The intimate verification of “no eyes, no ears, no road” is essential or Zen is just another belief system. However, if you think that even vividly-hopping-along verification will solve all your personal problems and psychological issues, you are likely to be surprised. This is a passive/victimy view of dharma and oh-my-buddha is this an issue in Soto Zen or what?!
Anyway, after “glimpsing the ox” all hell often breaks loose – and it is a repetitive process as in life for non-practitioners as well. After a while the old structures, in and out, seem to fall apart and it is from the ashes of hell (i.e., dropping body and mind, being turned by the dharma wheel), that the practitioner picks up body and mind in vow and turns the dharma wheel.

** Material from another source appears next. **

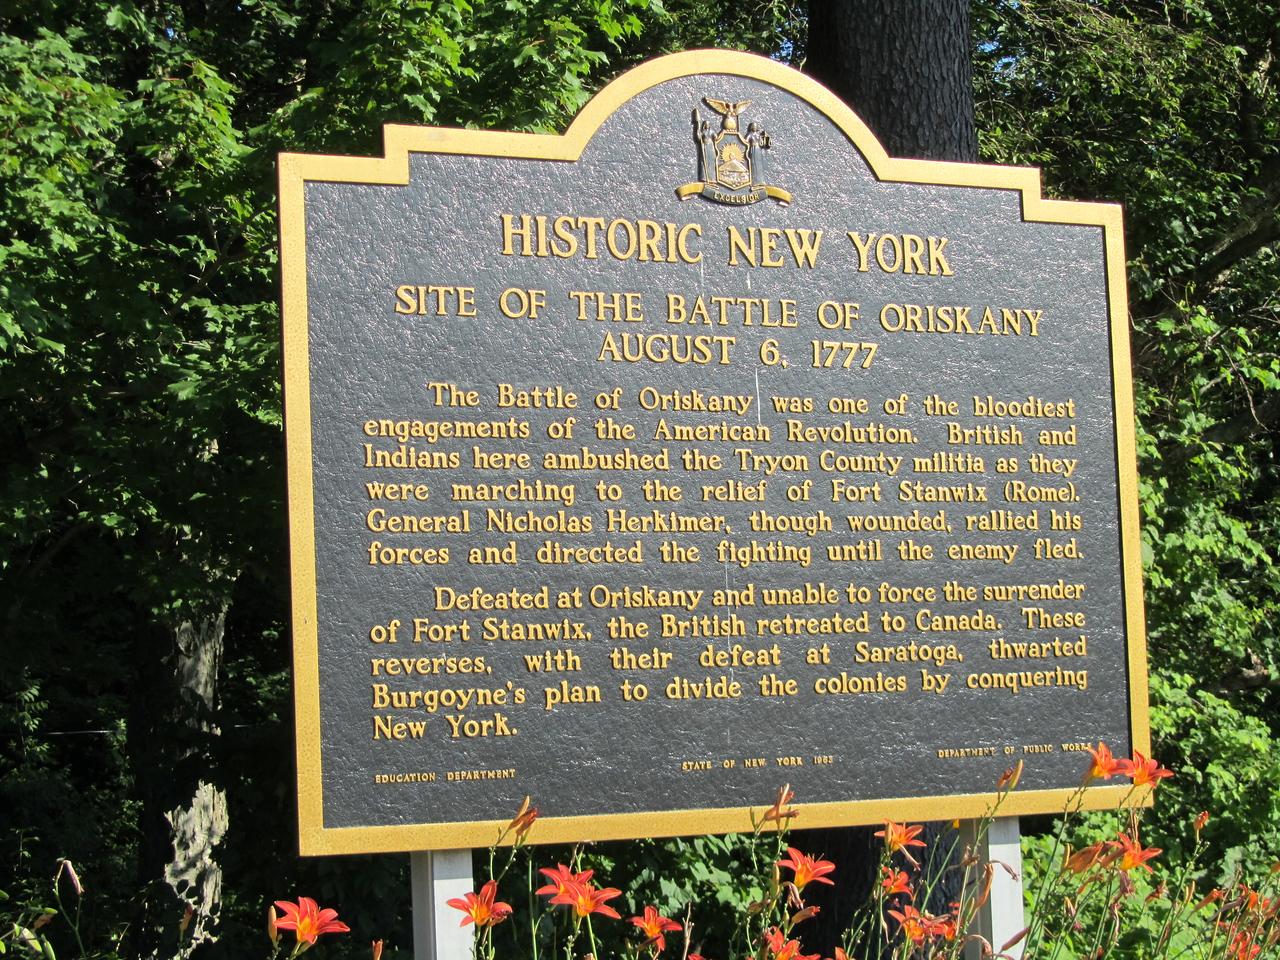 Oriskany battlefield, a turning point in the American revolution.

This is where the rubber meets the reconstructive road and we must take the risks involved in living a creative life.
I find encouragement and specific instructions for such in the Soto tradition. Others find it in psychotherapy, the arts, a profession – or just living a life with a whole kit and caboodle of responsibilities – and balance the deconstructive aspect of the Zen road, supplemented by elements from our modern world. And why not?
The reconstructive road is not a return to self-centered living. That would deny what is realized in deconstruction. Dogen, echoing this week’s theme in the Genjokoan work, puts it this way:
“…Make the five faculties sharp and clear. To be sharp and clear means that once we hear that we should discard fame and profit and should discard self-centeredness, we immediately discard them.”